Define \mathsf{inv0}(x) = \begin{cases} 0, &\text{if } x = 0 \\ 1/x, &\text{otherwise.} \end{cases}

Witness \eta = \mathsf{inv0}(\mathbf{z}_{130}), and decompose s \bmod p as \mathbf{s}_{129..0}.

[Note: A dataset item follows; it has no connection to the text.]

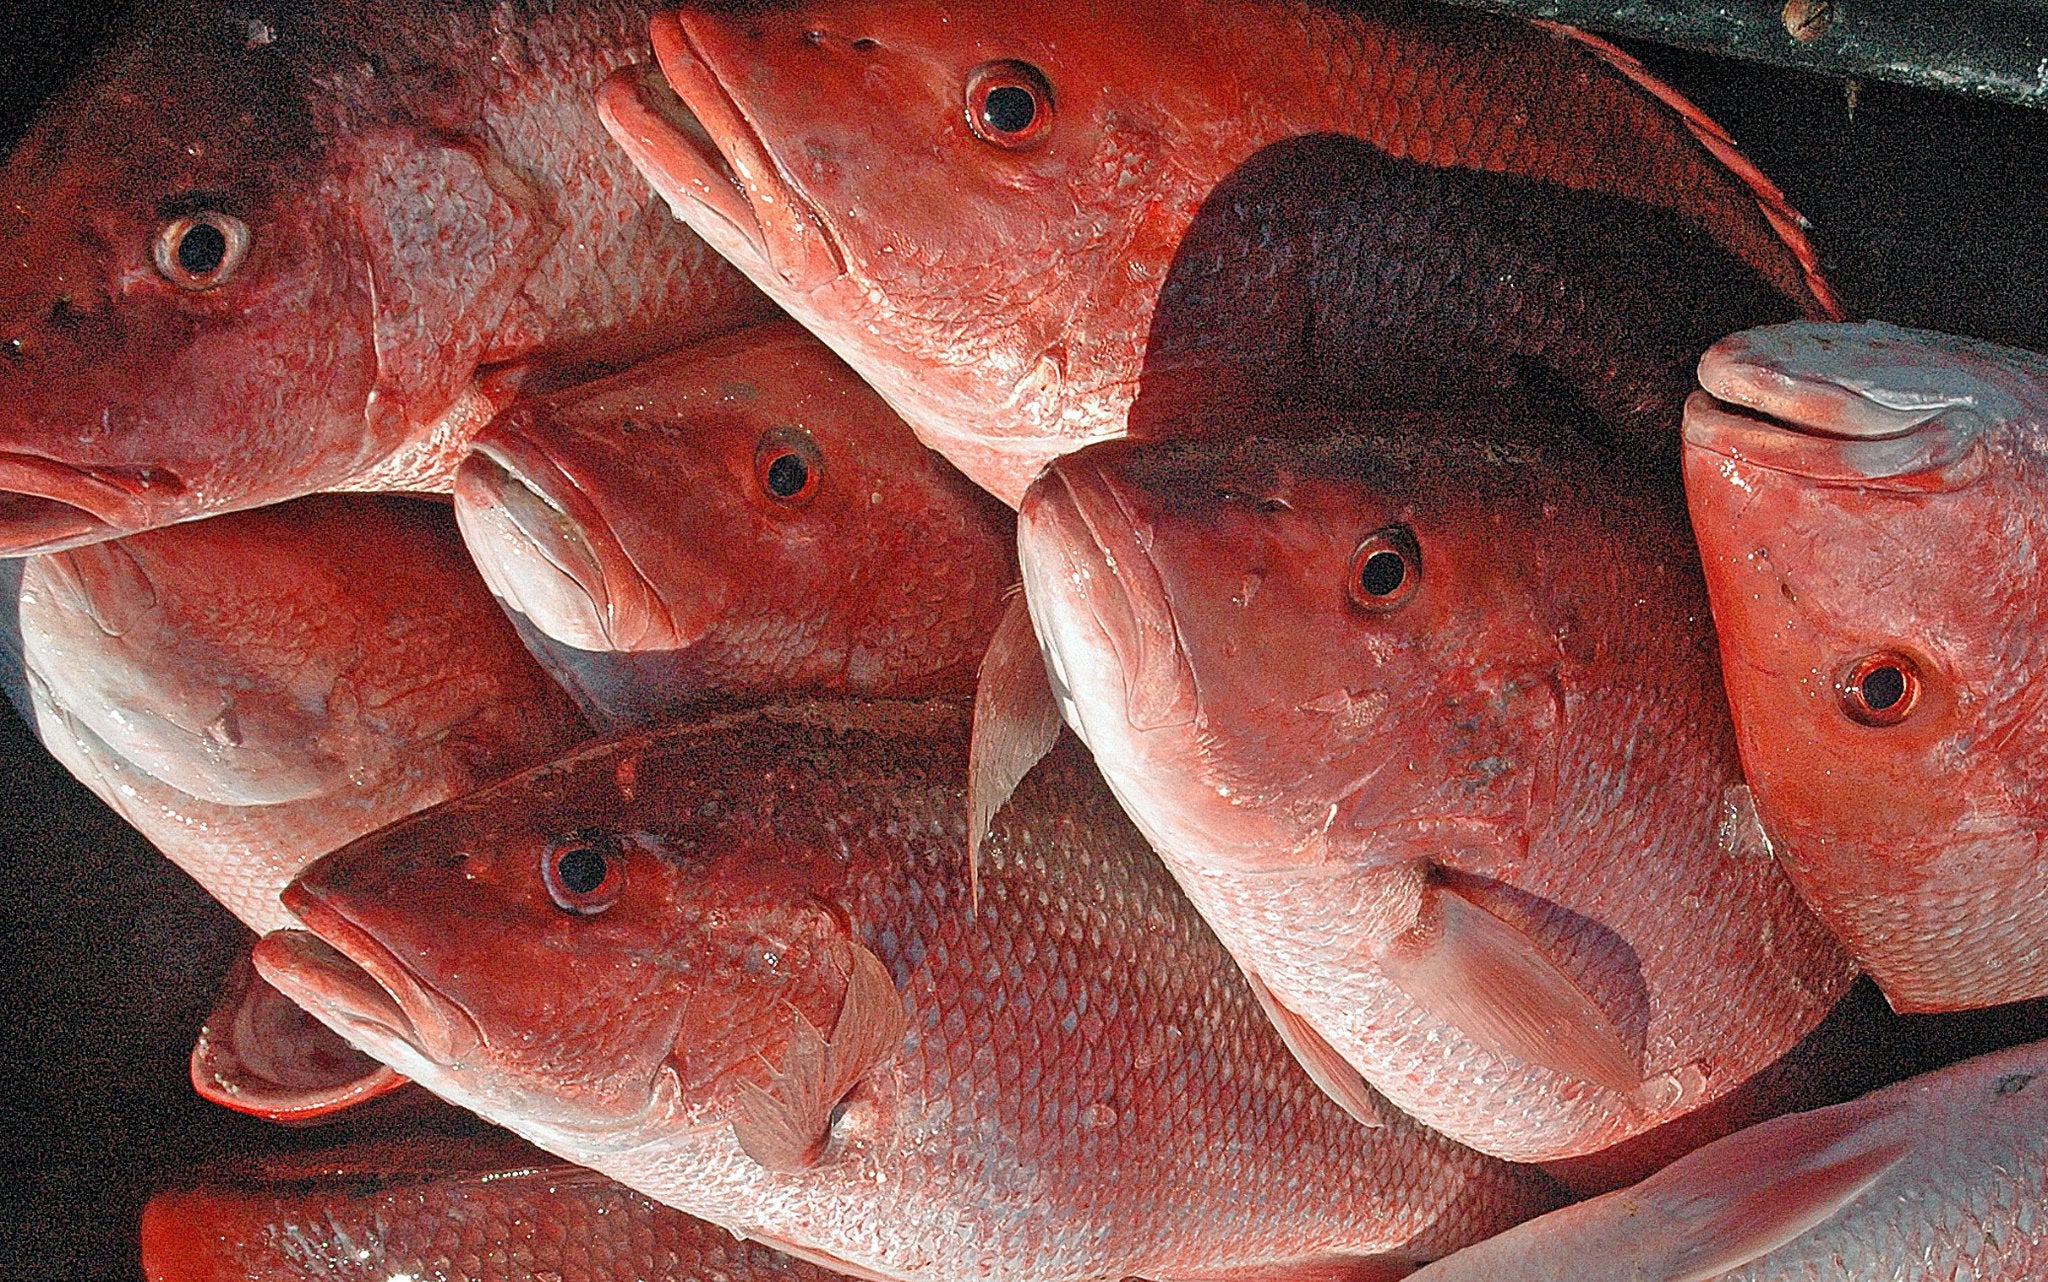 Reminder That Alabama’s Red Snapper Season Opens May 27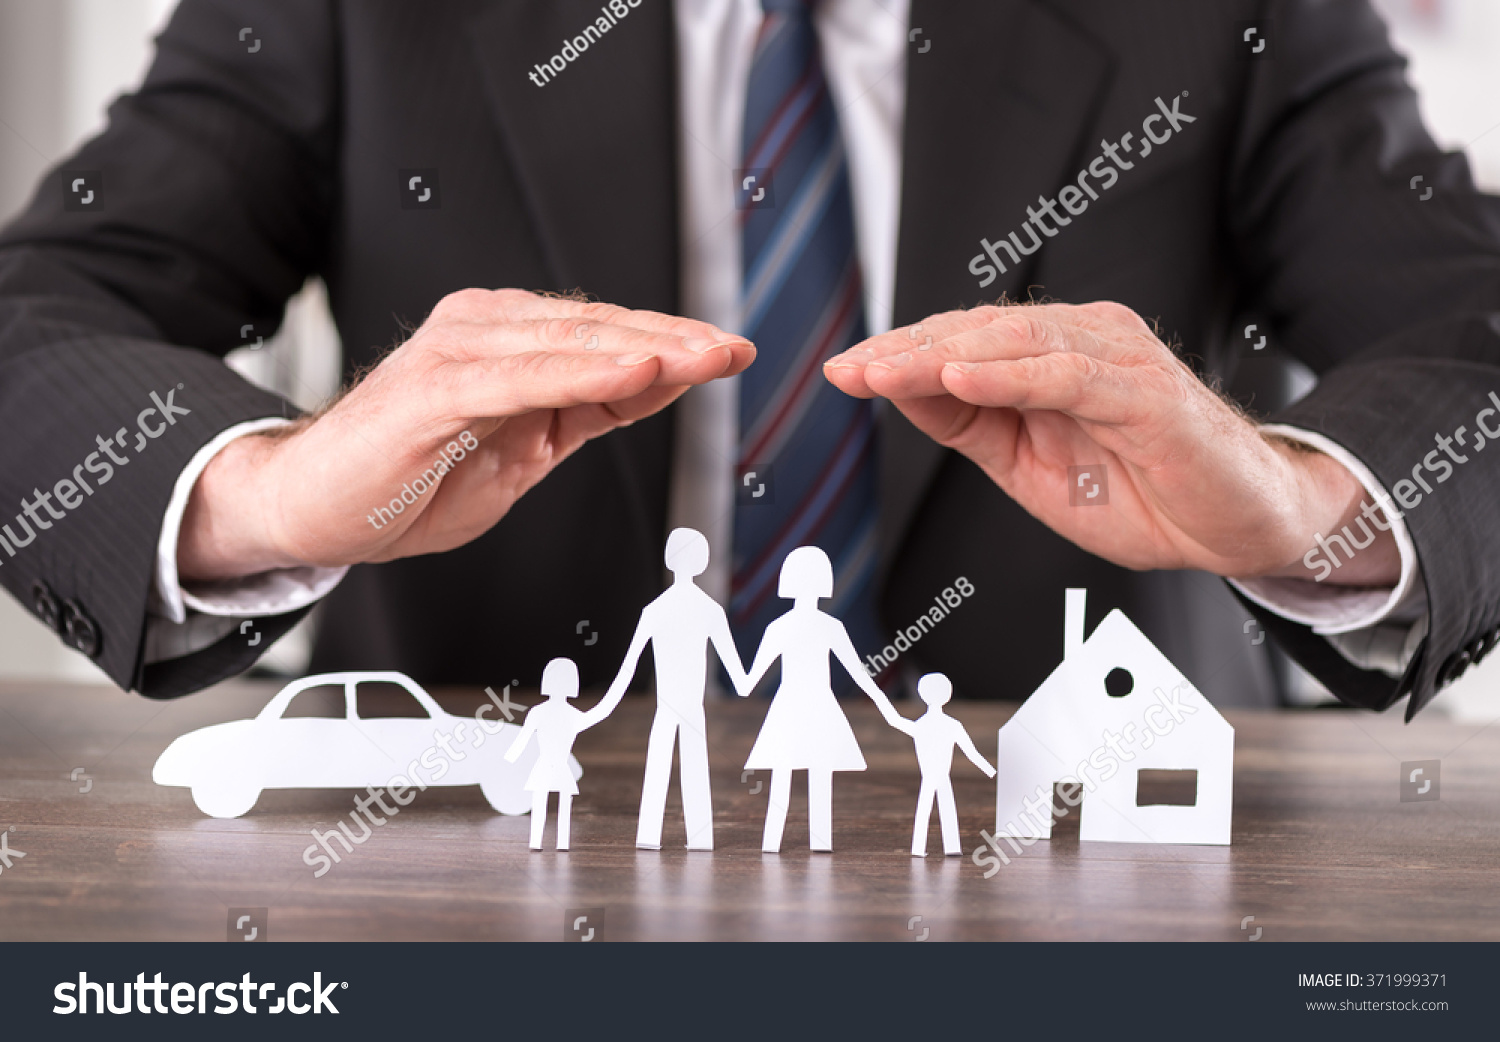 stock-photo-concept-of-insurance-with-hands-over-a-house-a-car-and-a-family-371999371.jpg

Then the needed gates are:

\begin{array}{|c|l|}
\hline
\text{Degree} & \text{Constraint} \\\hline
2 & \text{q\_mul}^\text{overflow} \cdot \left(s - (\alpha + \mathbf{k}_{254} \cdot 2^{130})\right) = 0 \\\hline
2 & \text{q\_mul}^\text{overflow} \cdot \left(\mathbf{z}_0 - \alpha - t_q\right) = 0 \\\hline
3 & \text{q\_mul}^\text{overflow} \cdot \left(\mathbf{k}_{254} \cdot (\mathbf{z}_{130} - 2^{124})\right) = 0 \\\hline
3 & \text{q\_mul}^\text{overflow} \cdot \left(\mathbf{k}_{254} \cdot (s - \sum\limits_{i=0}^{129} 2^i \cdot \mathbf{s}_i)/2^{130}\right) = 0 \\\hline
5 & \text{q\_mul}^\text{overflow} \cdot \left((1 - \mathbf{k}_{254}) \cdot (1 - \mathbf{z}_{130} \cdot \eta) \cdot (s - \sum\limits_{i=0}^{129} 2^i \cdot \mathbf{s}_i)/2^{130}\right) = 0 \\\hline
\end{array}

where (s - \sum\limits_{i=0}^{129} 2^i \cdot \mathbf{s}_i)/2^{130} can be computed by another running sum. Note that the factor of 1/2^{130} has no effect on the constraint, since the RHS is zero.

Running sum range check

We make use of a 10-bit lookup range check in the circuit to subtract the low 130 bits of \mathbf{s}. The range check subtracts the first 13 \cdot 10 bits of \mathbf{s}, and right-shifts the result to give (s - \sum\limits_{i=0}^{129} 2^i \cdot \mathbf{s}_i)/2^{130}.